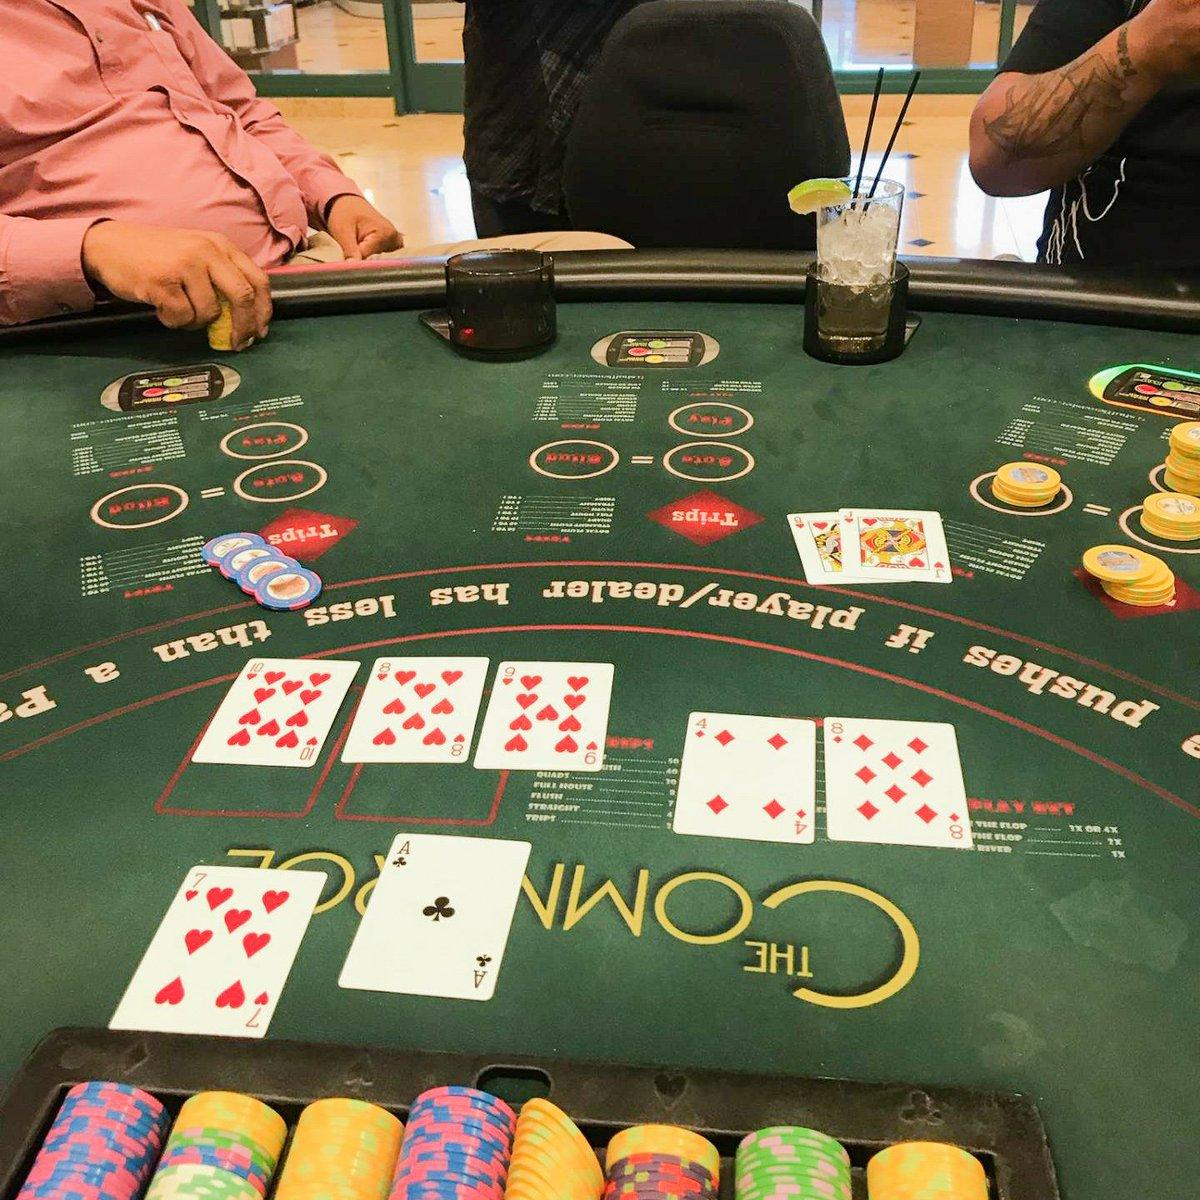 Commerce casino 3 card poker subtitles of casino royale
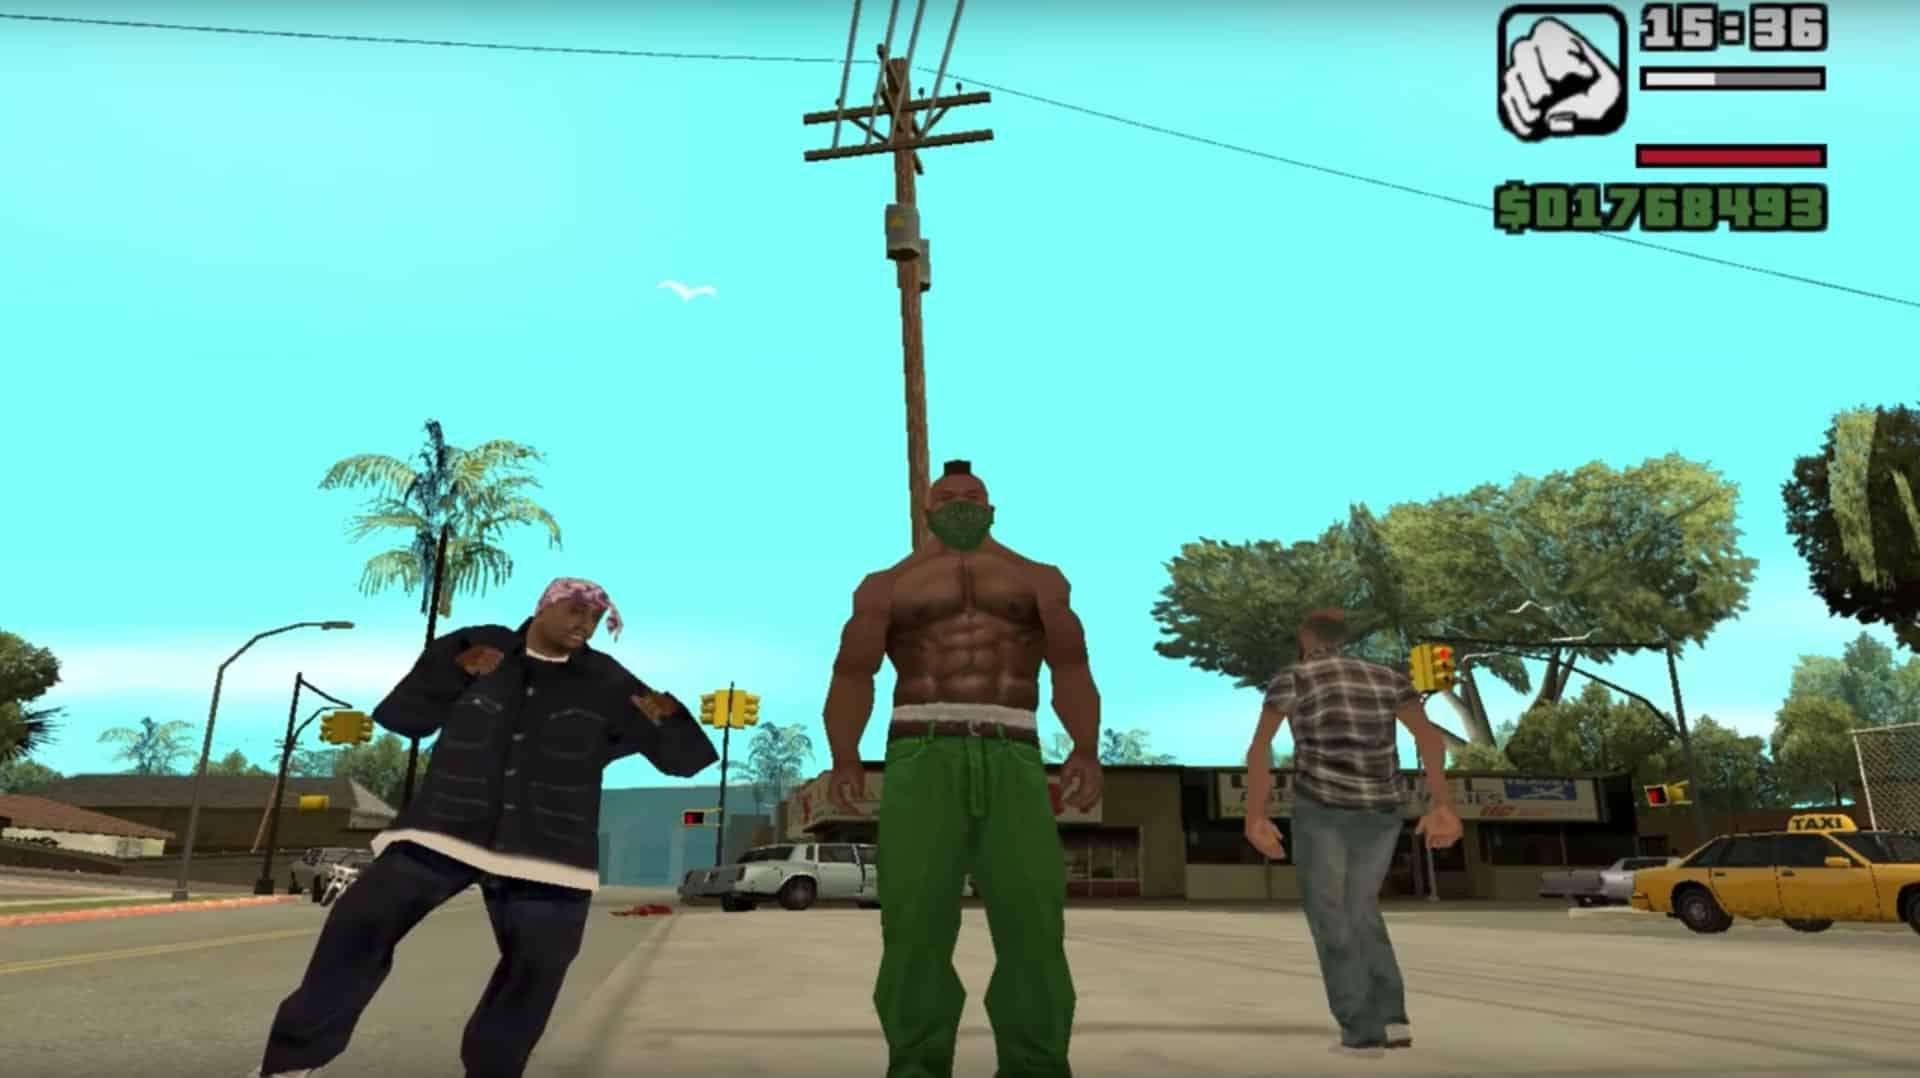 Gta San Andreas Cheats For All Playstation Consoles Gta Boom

========================================

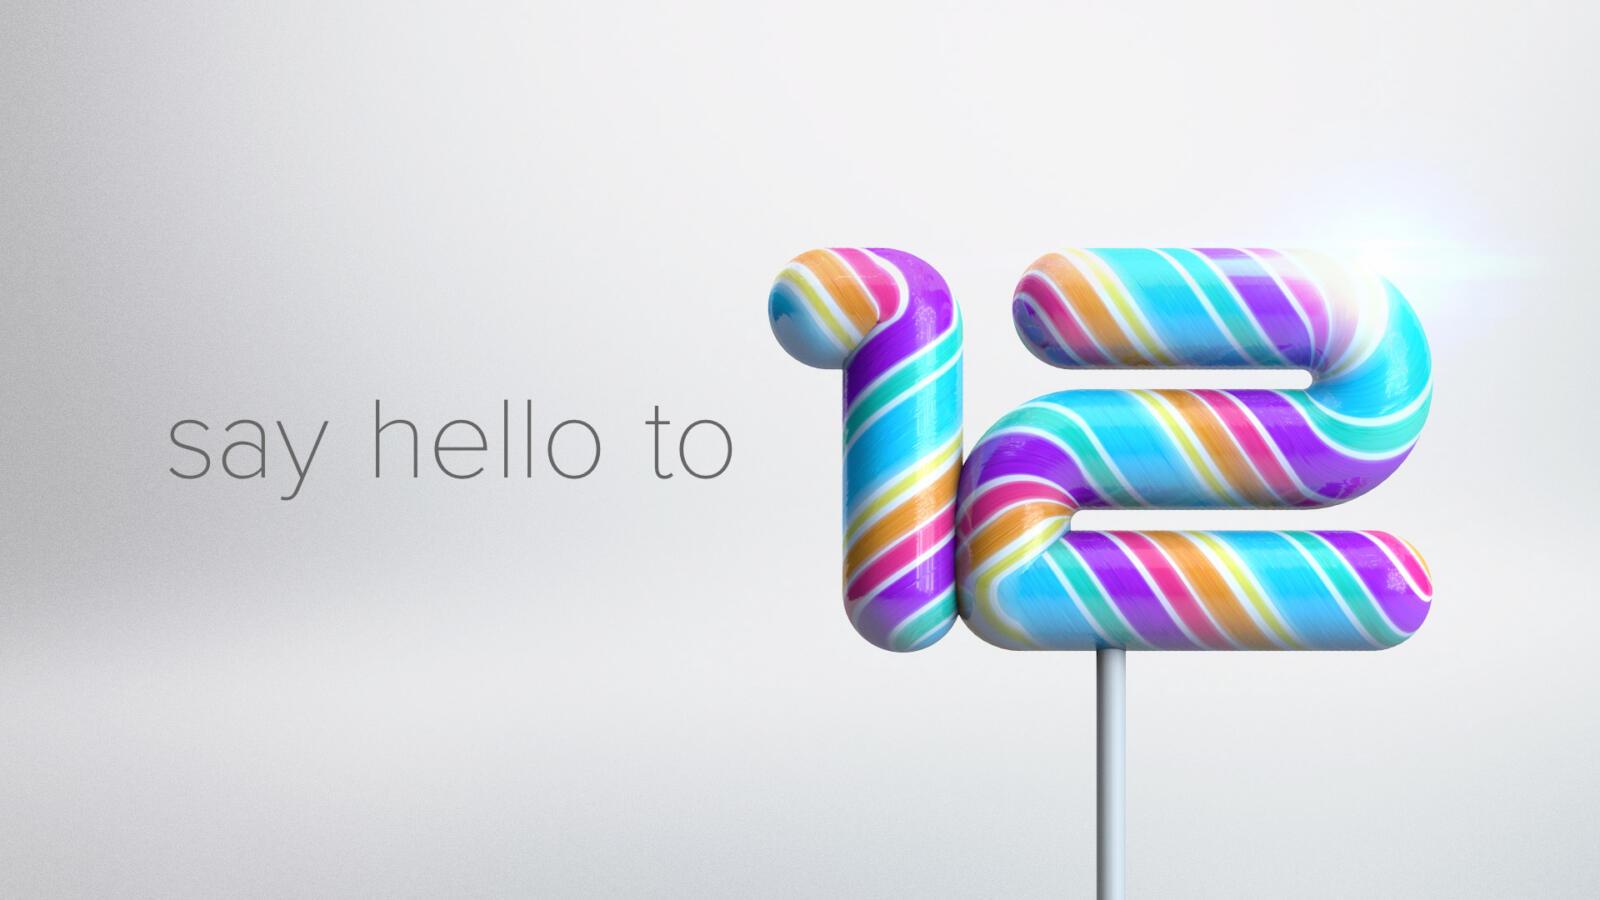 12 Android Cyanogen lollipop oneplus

========================================

**ASSIGNMENT:** What lines above run from the one with "Commerce casino 3" to the one with "Gta San Andreas"? Give them again exactly, ends included, and leave the pictures out.

**ANSWER TO THE EXERCISE:**
 Commerce casino 3 card poker subtitles of casino royale
 Gta San Andreas Cheats For All Playstation Consoles Gta Boom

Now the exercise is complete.